Часть 27 из 107 В начало
Для доступа к библиотеке пройдите авторизацию
– ¿Quién?[121]
— Muchas[122], — прошипела criada. — Muchas.
Причем эти девушки, по утверждению criada, по красоте к ней даже близко не стояли. Ни ее достоинства у них не было, ни изящества. Девушка не отвечала. Через плечо старухи она смотрела в глаза будто какой-то своей сестры, которая там, в зеркале, стоически выдерживает тяготу неминуемого крушения надежд. В безвкусном будуаре, который и сам по себе представляет собой помпезную имитацию других комнат, других миров. Смотрела и пыталась разглядеть в отраженной трюмо своей собственной фальшивой надменности этакий щит против настойчивых уговоров старухи, ее увещеваний и обещаний. Стояла в позе сказочной девы, с презрением отвергающей подношения ведьмы, спрятавшей среди них жало несказанной порчи. Его укол повлечет притязания, от которых не избавишься, и ввергнет в состояние, из которого вовек не выйти. И, как бы обращаясь к девушке из зеркала, она сказала, что человеку не дано знать, где он ступил на путь, которым следует, но то, что он на нем уже стоит, знать можно.

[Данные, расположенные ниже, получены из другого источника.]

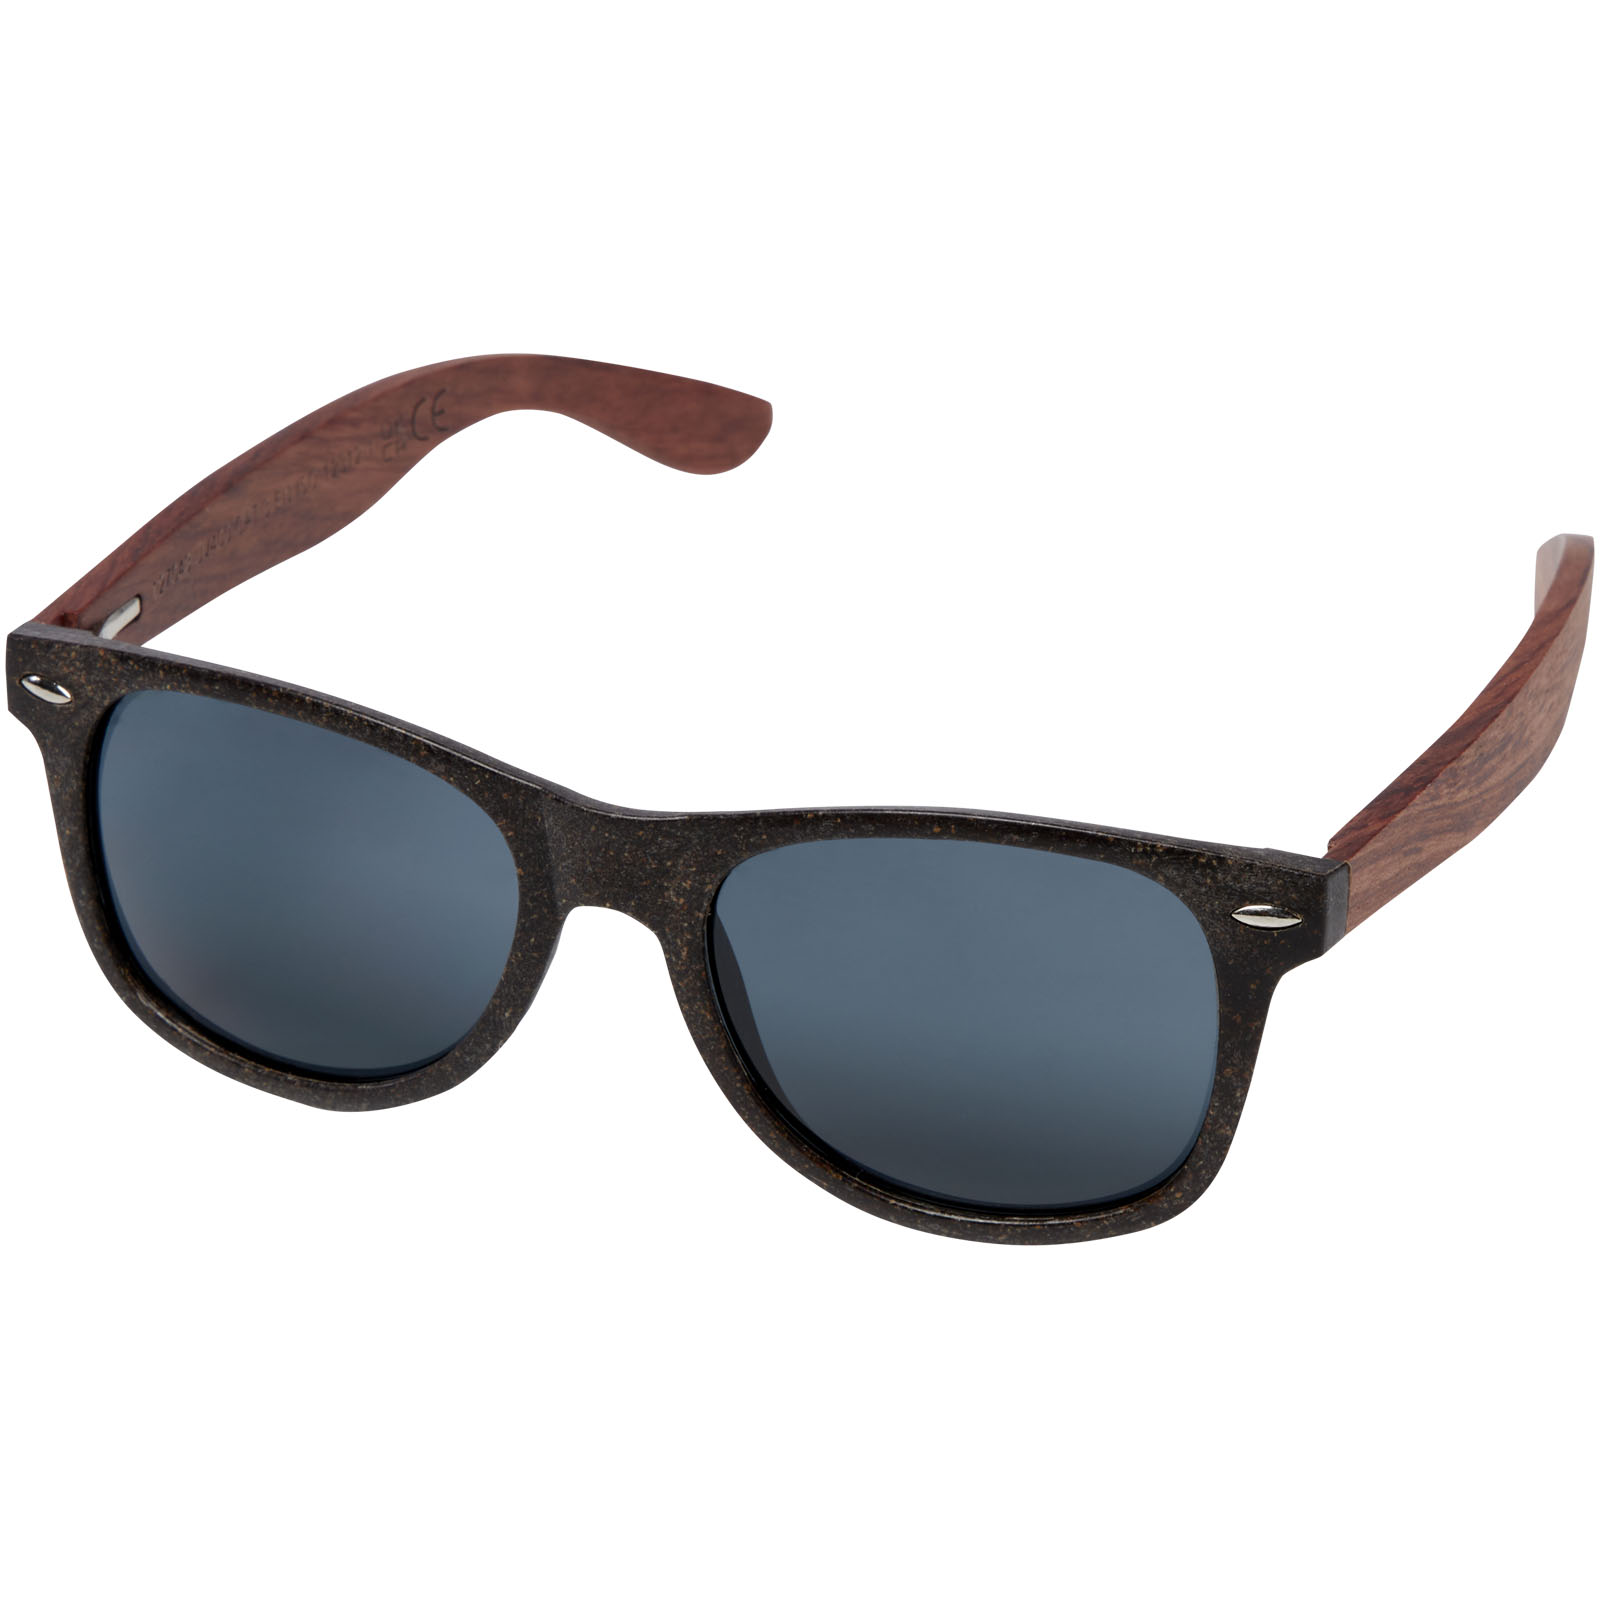 Sports & Leisure - Kafo sunglasses

– ¿Mande? — возмутилась criada. — ¿Cual senda?[123]
— Cualquier senda. Esta senda. La senda que escoja[124].
Но старуха сказала, что у некоторых и выбора-то нет. Сказала, что, если ты беден, любой твой выбор — это палка о двух концах.
В этот момент она стояла коленями на полу, перекалывая булавки в подоле платья. Изо рта она уже все булавки вынула, разложила на ковре и брала их теперь с ковра по одной. Девушка смотрела на ее отражение в зеркале. Старуха кивала седой головой у ее ног. Подумав, девушка сказала, что выбор всегда есть, даже если этот выбор — смерть.
— Cielos[125], — сказала старуха. Торопливо перекрестилась и продолжила работу.
Когда она вошла в салон, он стоял у стойки бара. На помосте музыканты собирали инструменты, настраивали их, и время от времени в тишине звучали отдельные ноты и аккорды, как будто здесь готовятся к какой-то церемонии. В темной нише за помостом стоял Тибурсио, курил сигарету, обвив пальцами тонкий мундштук из черного дерева, инкрустированного черненым серебром. Бросил взгляд на девушку, потом устремил его в сторону бара. Смотрел, как парень обернулся, расплатился, взял свой стакан и, спустившись по широким ступеням с поручнями из крытых бархатом канатов, вышел в салон. Медленно выпустив дым из тонких ноздрей, Тибурсио открыл дверь у себя за спиной. В мимолетном потоке света обрисовался темным силуэтом, на миг отбросив длинную тонкую тень на пол салона, потом дверь снова закрылась, и он исчез, будто его и не было.
— Está peligroso[126], — прошептала она.
– ¿Cómo?[127]
— Peligroso. — Она обвела взглядом салон.
— Tenía que verte[128], — сказал он.
Он взял ее руки в свои, но она лишь с гримасой боли смотрела на дверь, где только что стоял Тибурсио. Схватив Джона-Грейди за запястья, она стала умолять его уйти. Из сгущения теней выплыл официант.
— Estás loco[129], — шептала она. — Loco.
— Tienes razón[130].
Она взяла его за руку и встала. Обернувшись, что-то шепнула официанту. Джон-Грейди встал, сунул в руку официанта деньги и повернулся к ней.
— Debemos irnos, — сказала она. — Estamos perdidos[131].
Он сказал, что даже и не собирается. Что он этого не сделает и что она должна побыть с ним, но она сказала, что это слишком опасно. Что теперь это стало слишком опасно. Заиграла музыка. Плавное басовое легато виолончели.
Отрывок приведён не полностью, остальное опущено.